# WiFi dead zone



## Annsman (Nov 8, 2007)

Is anyone else's Autotrail van a WiFi dead zone? I can get a phone signal in the van and the 3 "MyFi" will connect easily enough but my computer won't find the Myfi at all, even when it's right next to it! Outside it connects straight away and even under the canopy, but go into the van and it loses the signal straight away.

Any suggestions gratefully received!


----------



## vicdicdoc (May 14, 2005)

Can't help I'm afraid but at least we'll hope someone with knowledge will come along soon . . I'm a dummy when it comes to WiFi stuff :silly:


----------



## spykal (May 9, 2005)

> Annsman:- Any suggestions gratefully received!


My suggestion would be to use a wifi analyser to get to the bottom of the problem.

If you have a smart phone there are several apps available for free that may help you solve the wifi problem. Here is the one I use on my Android phone & tablet ...similar ones are available for other systems or for a windows PC (Netstumbler or insider).
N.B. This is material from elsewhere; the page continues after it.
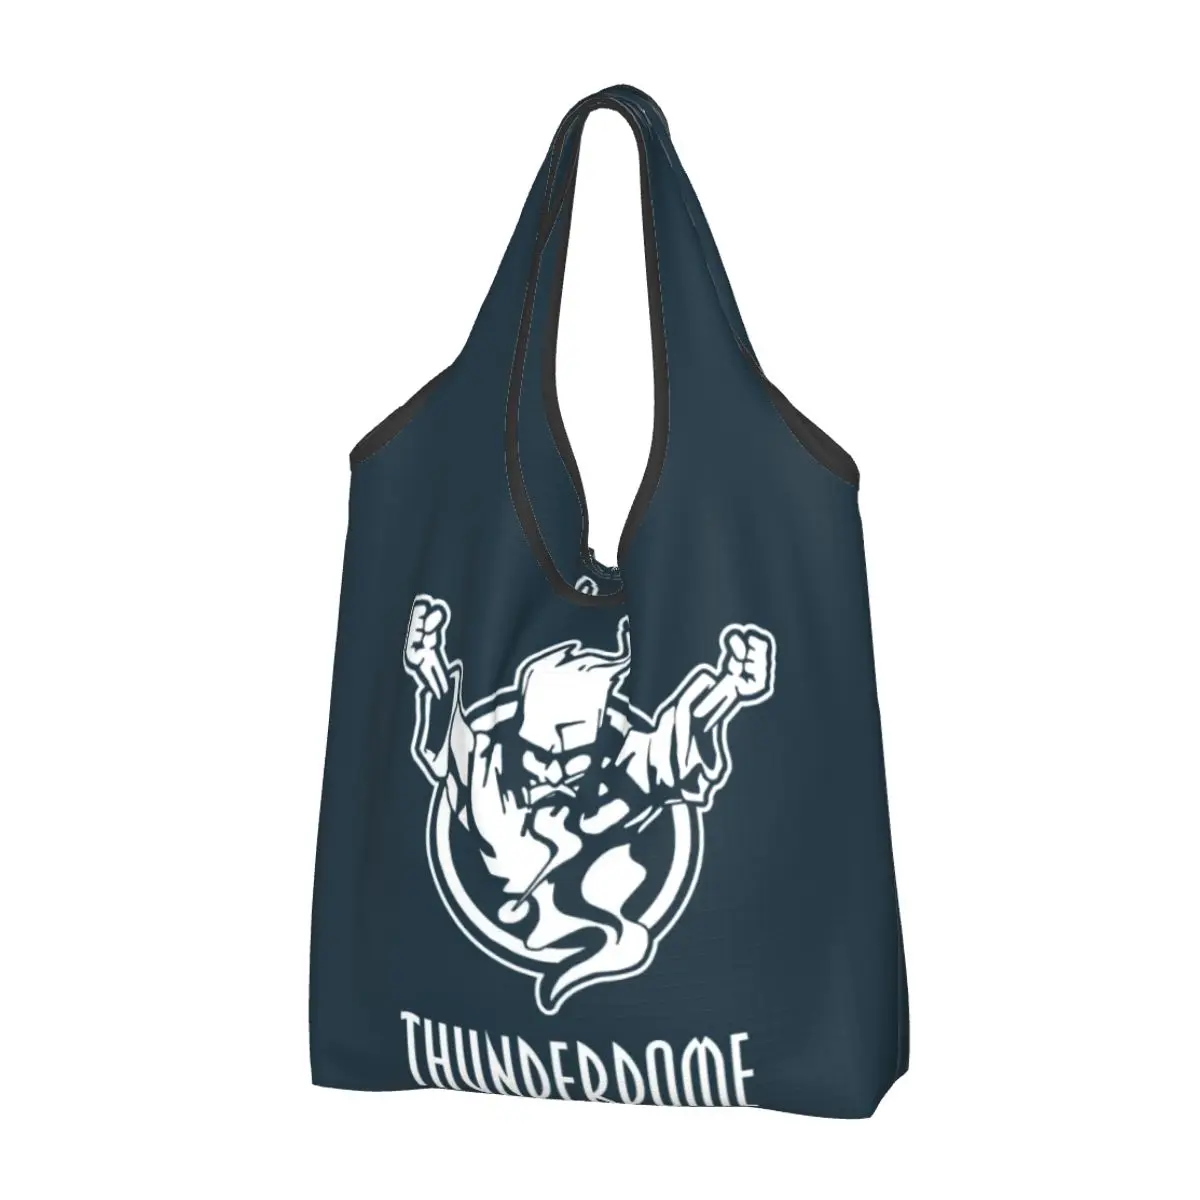 Сумки для покупок в продуктовом магазине Thunderdome, милая сумка-тоут для покупок, большая вместительная портативная сумка для музыкального фестиваля Hardcore Gabber.

The smart phone ones work best for me as a check tool this is because you can easily walk around the test area with the phone in your hand.

Android App <<

Mike


----------



## tonka (Apr 24, 2006)

There is nothing in the Autotrail build.. It's all wood, foam and plastic.
Some vans like Carthago are sandwiched aluminium and that could effect signals...

Maybe just a week or failing aerial in the laptop, try a plug in wifi dongle.


----------